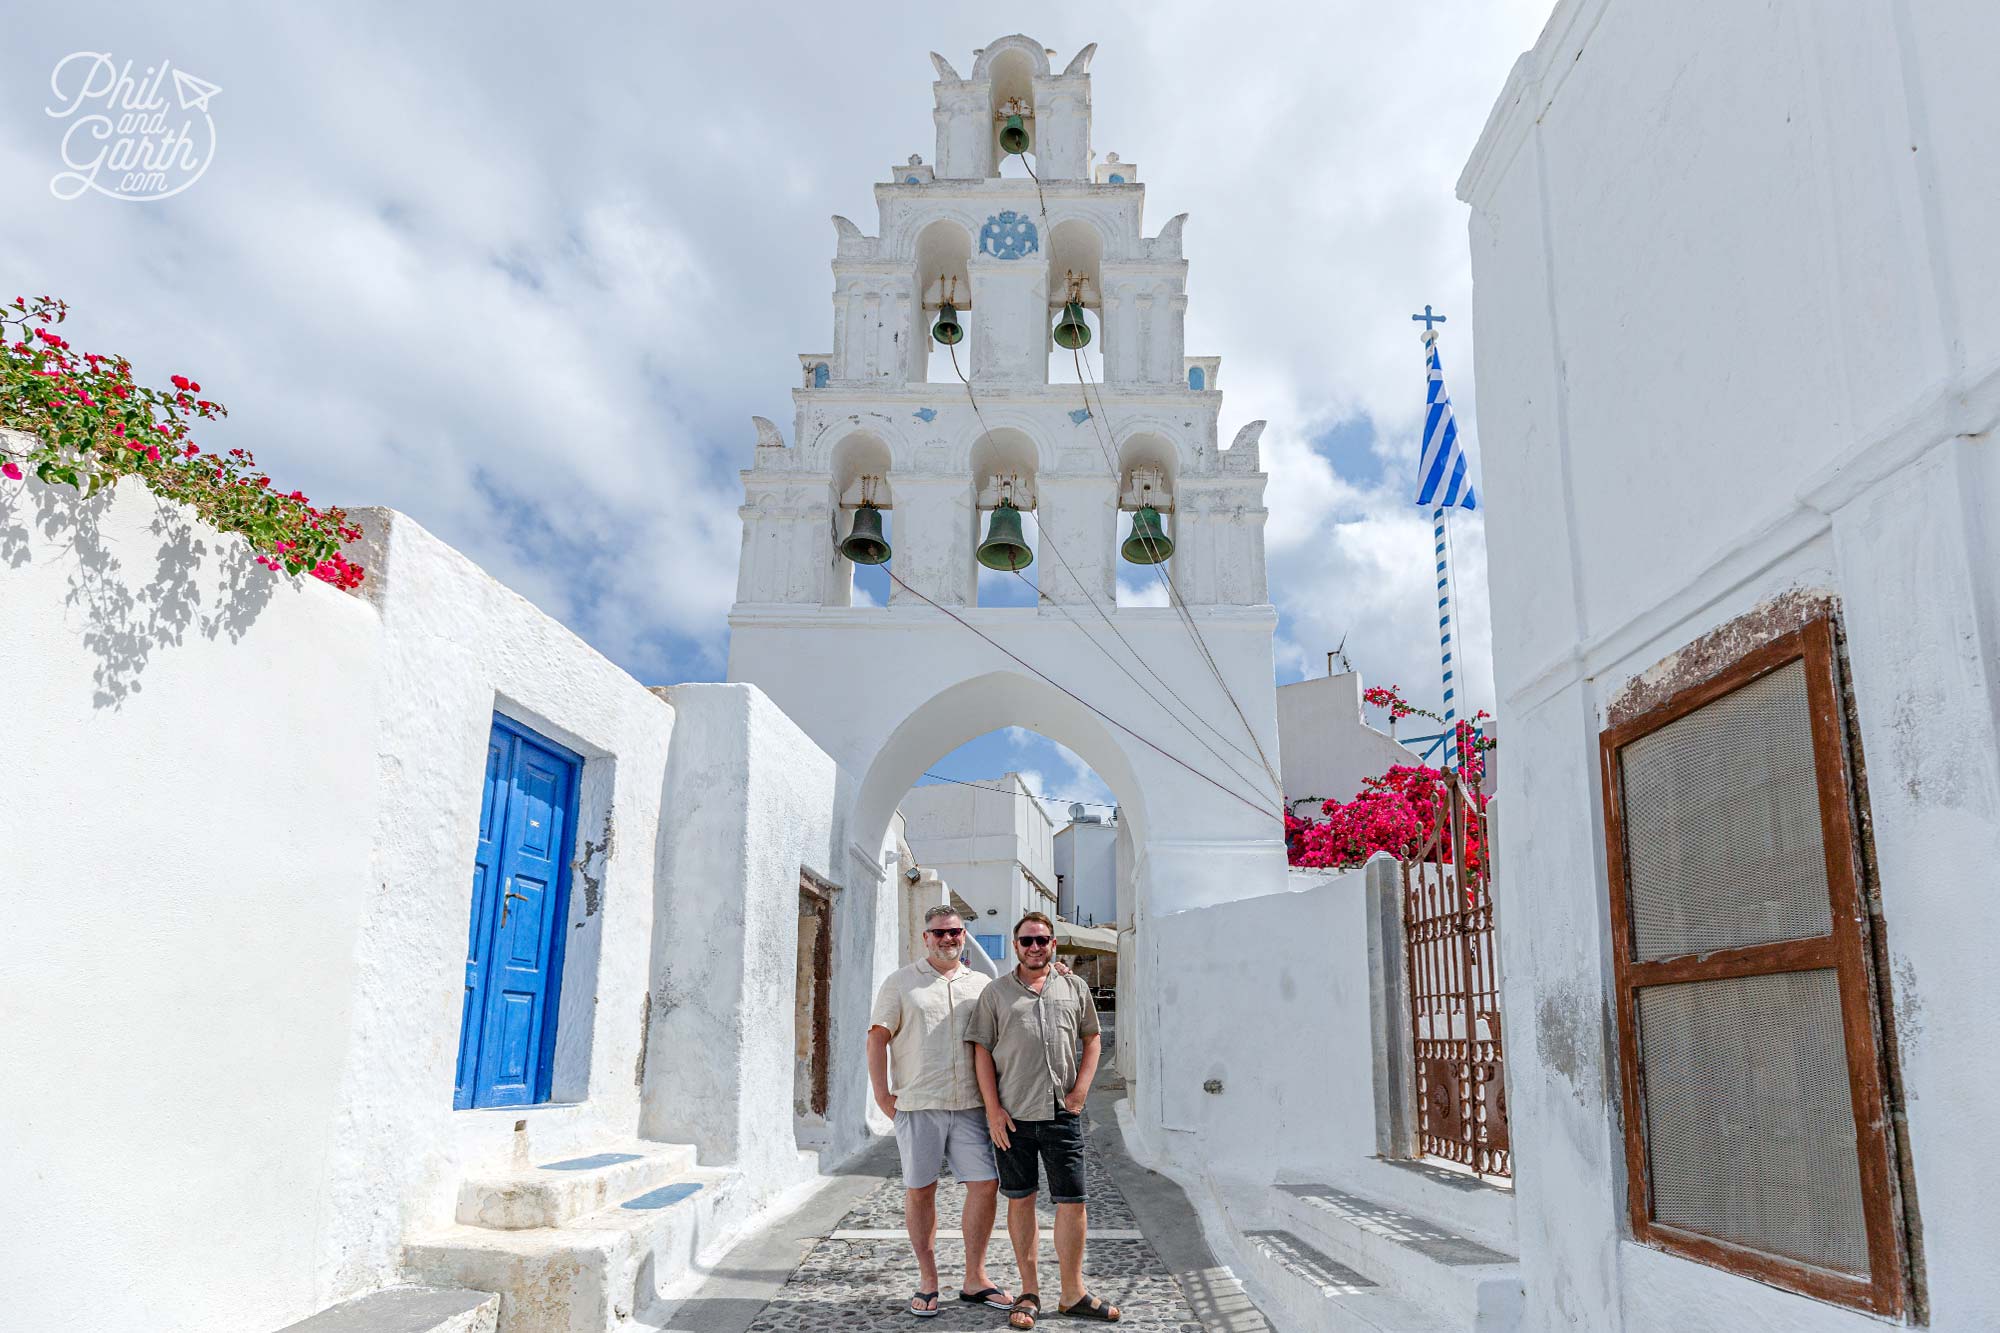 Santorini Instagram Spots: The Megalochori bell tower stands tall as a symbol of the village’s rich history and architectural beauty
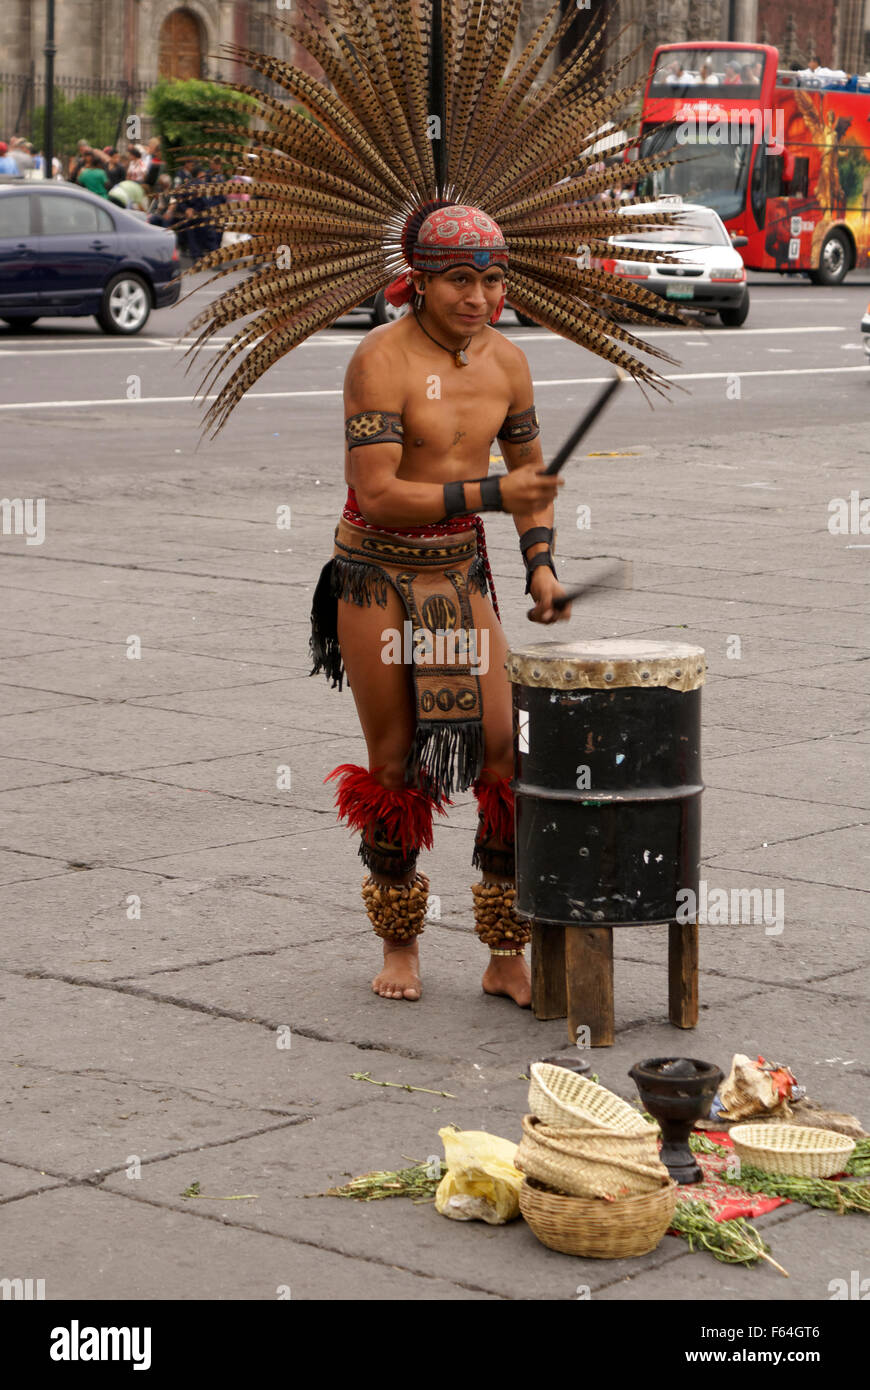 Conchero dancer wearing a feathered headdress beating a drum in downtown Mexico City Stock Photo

|---|

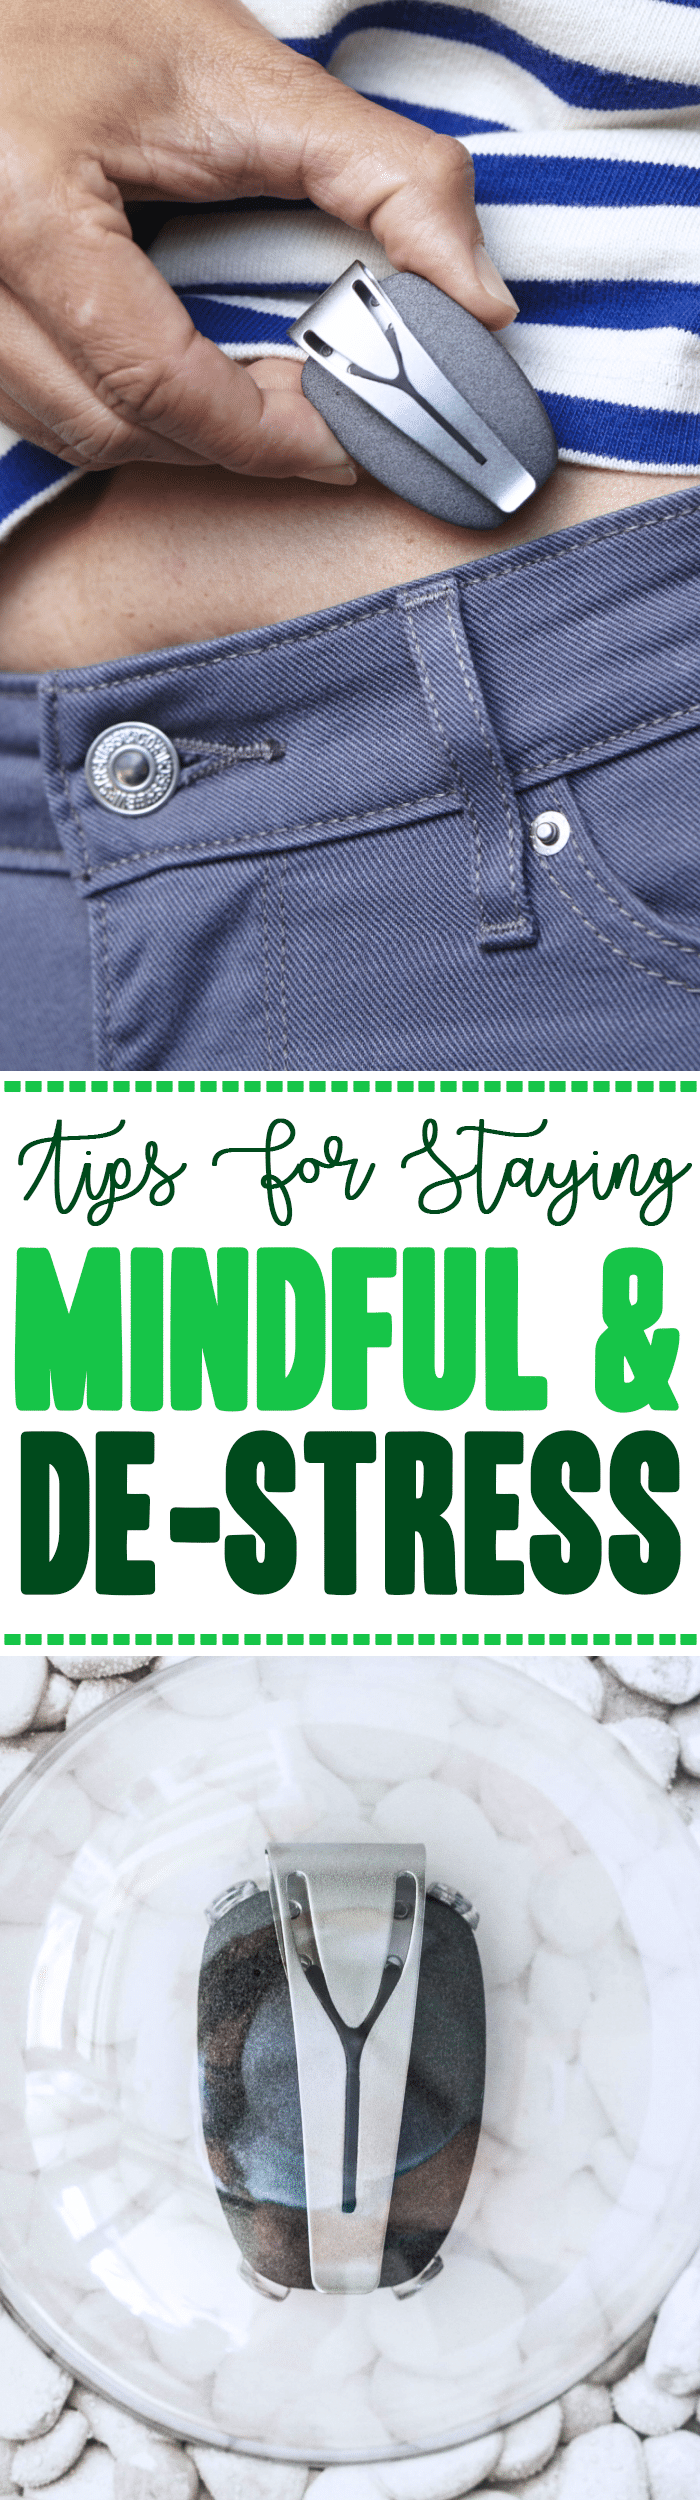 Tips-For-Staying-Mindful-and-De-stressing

|---|

= About this exercise =
Reproduce the records above exactly, but only from the line with "Santorini Instagram Spots: The" up to and including the line with "Conchero dancer wearing". Leave the pictures out.

= Answer section =
 Santorini Instagram Spots: The Megalochori bell tower stands tall as a symbol of the village’s rich history and architectural beauty
 Conchero dancer wearing a feathered headdress beating a drum in downtown Mexico City Stock Photo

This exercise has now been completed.